Quote: BifrostWell,there are fully undead areas,but I mean levels that have many elements combined that don't have Undead features along. You have Battlefield with whirlwinds for the Air area and lava pools where the ground is unsafe, or Mystic Mill with the factory-styled houses, water streams and rocky archipelagos,but when it comes to Undead they only combine it inside its own isolated areas (spider pit in The Oracle,Undead areas in general,the levels mentioned). You never,say, go across the mines in Molekin Mountain and run into any wandering ghosts or fossils despite the place being pretty ancient,or find an abandoned house full of assorted spooks even if it's not the theme of the level(Wilikin Village had that as one of the many weird stuff and I give it credit for that). Just because they like to lurk in the shadows,doesn't mean we need to go to said shadows first to find them.
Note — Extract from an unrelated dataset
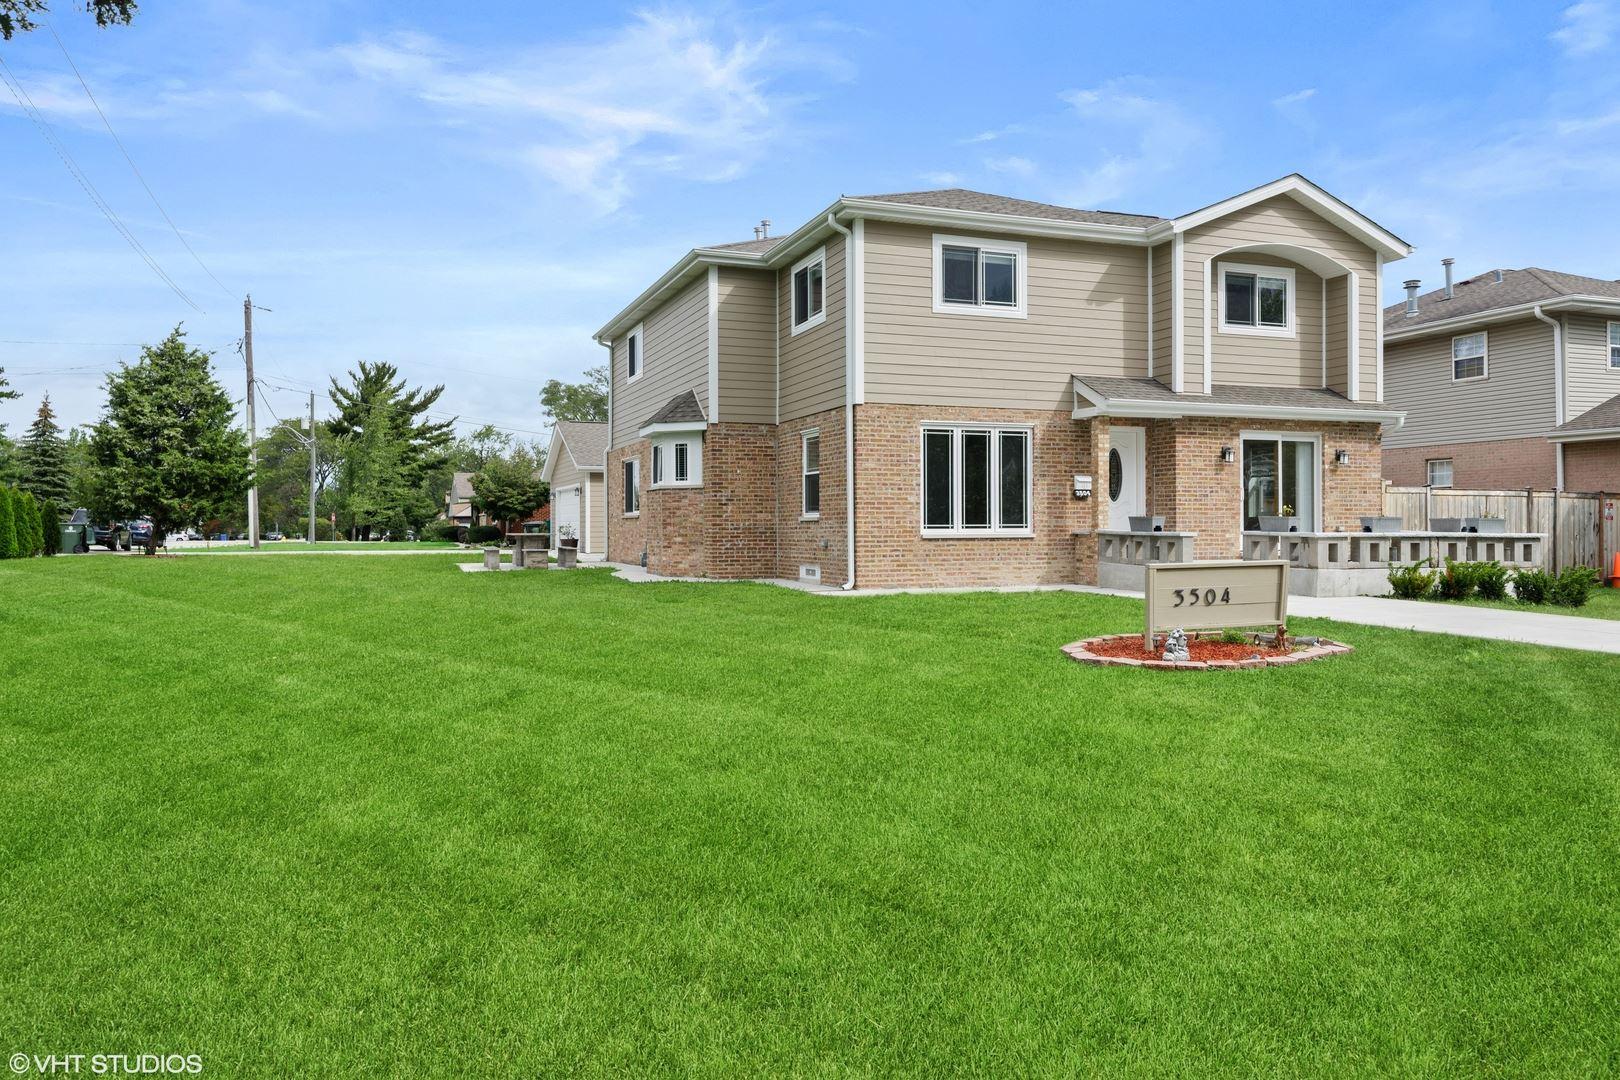 3504 LINNEMAN Street, Glenview, IL 60025 - #: 11233334

Even Golden Desert,which was full of undead folk, had them come out of convenient tombs instead of running into those tombs by chance.
Oh, I got it now!
You mean, there are areas where you can see features from other Elements (like rocks or crystals for Earth, puddles of water or shells, for Water, lava and craters for Fire) but only a few have some Undead related things.
Yes, it's true.
SA really had a lot of elemental features directly fused with the environments, without the use of Elemental Gates.
In fact, why use Elemental Gates?
Why can't they simply put certain elemental hazards, that only Skylanders from the same Element can get past (crystals that only Earth Skylanders can destroy, lava rivers for Fire, deep lakes for Water)?
They would bend better with the levels, and would work in the same way.
It would require a lot more level design effort, but the results would be incredible.